This quote is from a news story, written by Kaitlin Joseph, in the online Nashua (New Hampshire) Telegraph, which you can read in full here:
NASHUA – A Holocaust memorial at Rotary Common on Main Street began to take shape Friday afternoon (July 6, 2012).
The project, organized by former Alderman Fred Teeboom, started fundraising in 2009 and laid down the foundation for the memorial at the end of 2011.
The memorial is a set of six granite stones, each weighing up to five tons, set in a circle upon a round, flat foundation. Each stone has the name of an extermination camp inscribed on it. There are bent brackets spouting from each stone at the top, and the stones also have etched barbed wire on them.
Teeboom, who grew up in Amsterdam during the Nazi occupation of the Netherlands, said the city was unanimous in voting to erect the park and monument in honor of Holocaust victims.
“It was the greatest evil in the history of mankind,” Teeboom said.

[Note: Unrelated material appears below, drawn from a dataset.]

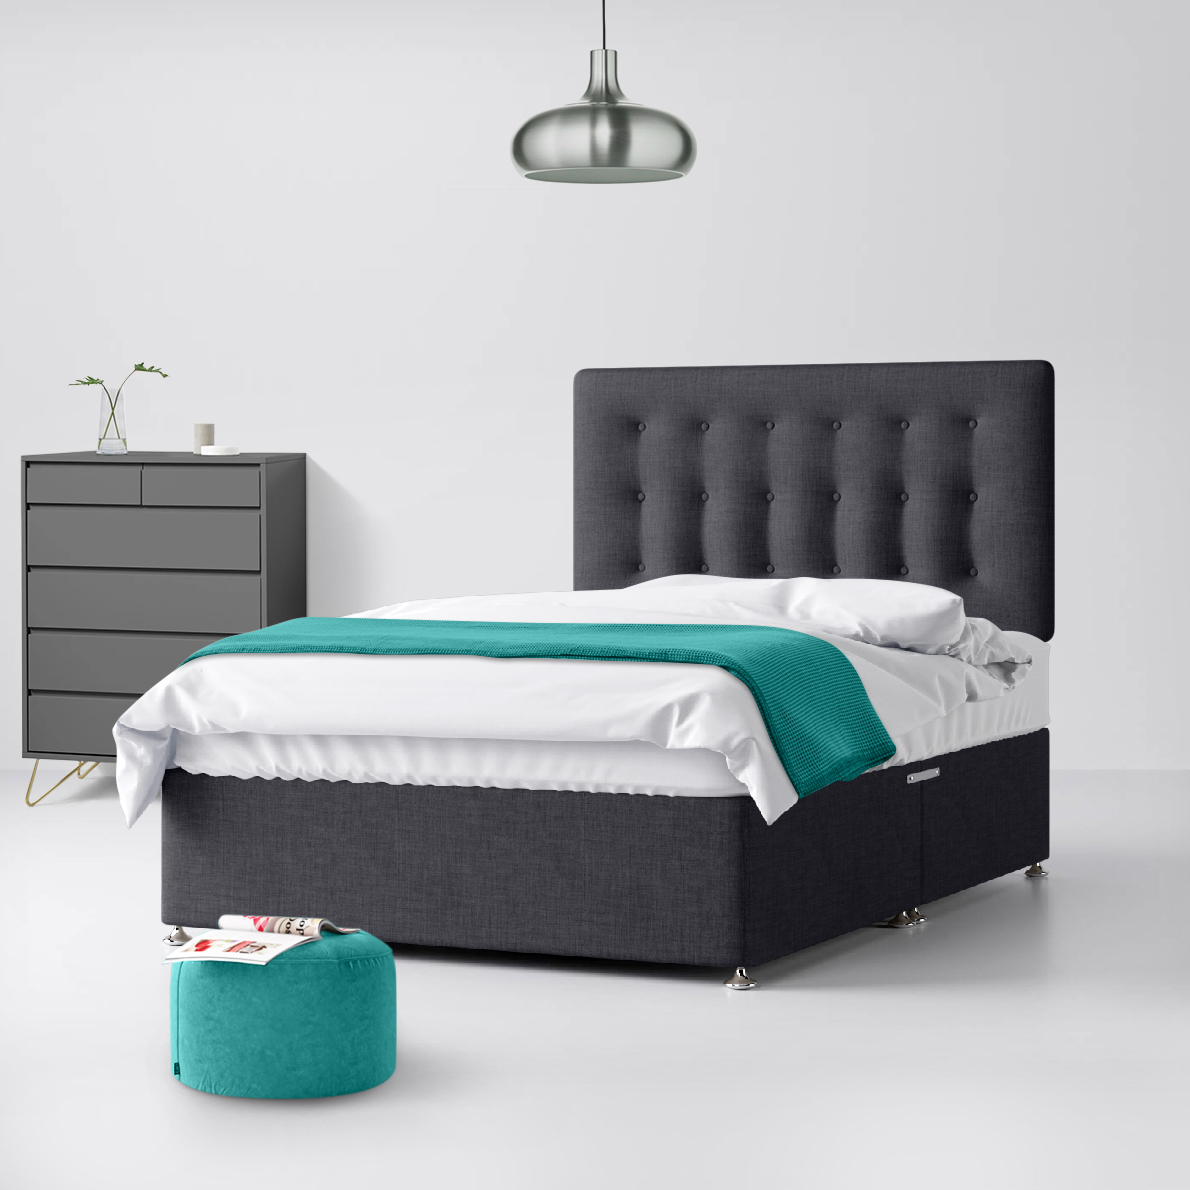 Super King Size - Divan Bed and Cornell Buttoned Headboard - Dark Grey - Charcoal - Fabric - 6ft - Happy Beds

The six extermination camps, mentioned in the article, were Auschwitz, Majdanek, Treblinka, Sobibor, Belzec and Chelmno.
Fred Teeboom survived the Holocaust because he was hidden by a Christian family. His family was not betrayed, like the family of Anne Frank, that also hid in Amsterdam. Fred Teeboom was saved, but 100 members of his extended family died in Auschwitz.
Teeboom describes the Nashua Memorial in this video. He says that 3 million Jews were killed in the six extermination camps that are represented in the theme of the Memorial.
I had never heard of Nashua, New Hampshire, before I read this news, so I looked it up on Wikipedia and found this:
Nashua is a city in Hillsborough County, New Hampshire, USA. As of the 2010 census, Nashua had a total population of 86,494, making it the second largest city in the state (and in the three northern New England states) after Manchester.